Jeritza periodically appeared as a guest artist at opera houses in Denmark, England, France, Hungary, and Russia during her career. Some of the theaters she appeared as a guest artist at included the Berlin State Opera, Hungarian State Opera House, the Odesa Opera and Ballet Theatre, Prague State Opera, the Royal Swedish Opera, and Theater Bremen. She performed at the Royal Opera House in Covent Garden in a total of seven roles in the years 1925–1926. In 1928 she performed the role of Tosca at the Paris Opera. She also gave multiple European and North American concert tours during her career.

She starred in an early sound film Grossfürstin Alexandra (1933) for which Franz Lehár wrote the song "Du und ich sind für einander bestimmt".

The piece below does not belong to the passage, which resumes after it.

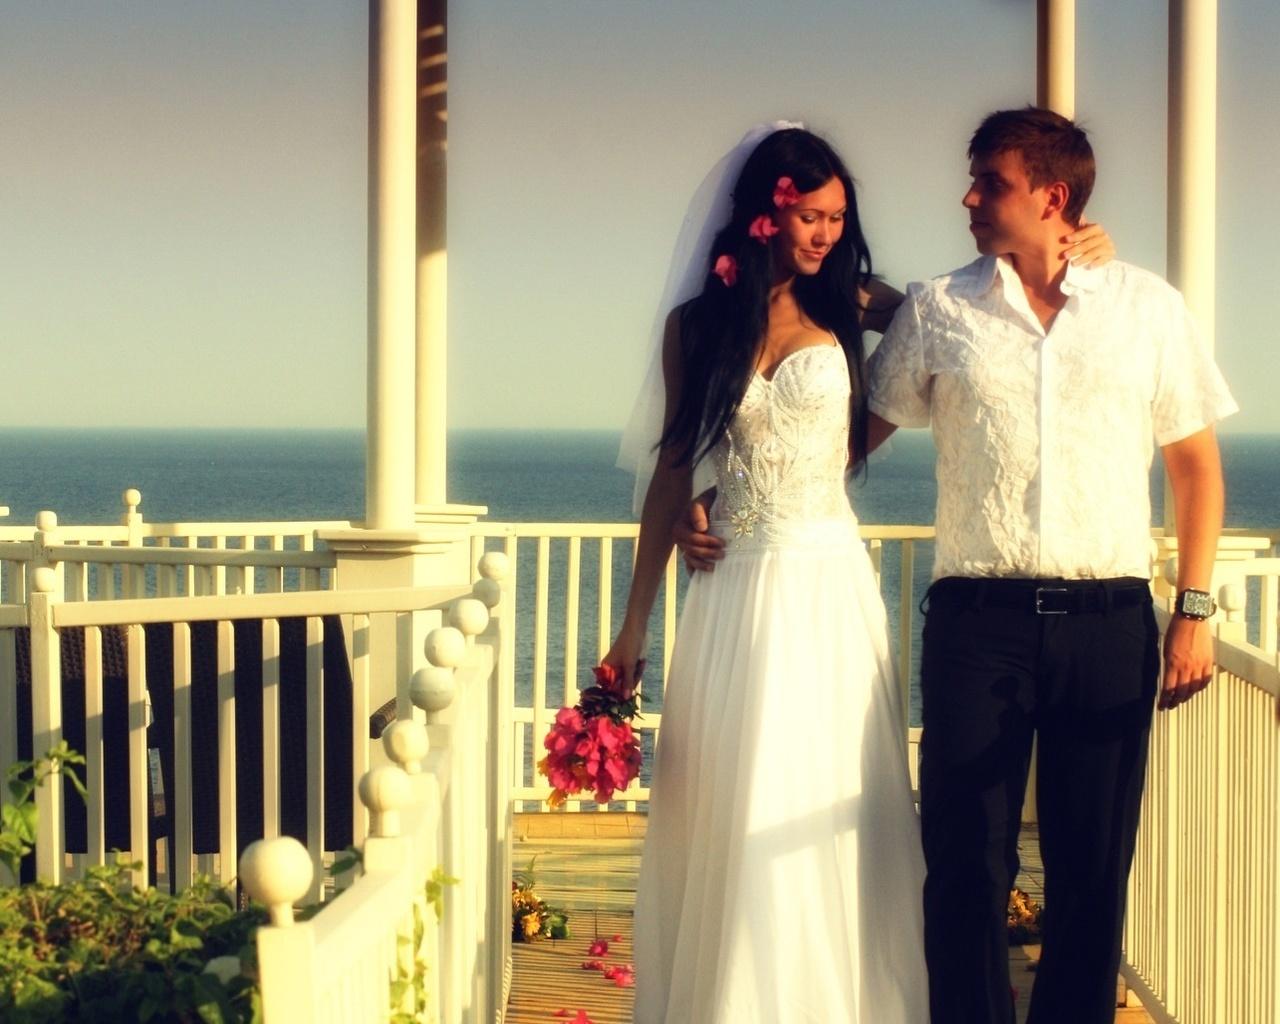 Фото жену на свадьбе 7 фотография

Jeritza made a number of 78-rpm recordings which testify to the high quality of her voice. Many of these recordings have been released on CD.

==Critical reception==
Music historian Marcel Prawy described Jeritza as "the prima donna of the [twentieth] century". Karl-Josef Kutsch and Leo Riemens stated that "Jeritza was one of the greatest singers of her time. Besides the brilliance of her voice, people admired the passionate drama of her delivery and her unparalleled stage presence."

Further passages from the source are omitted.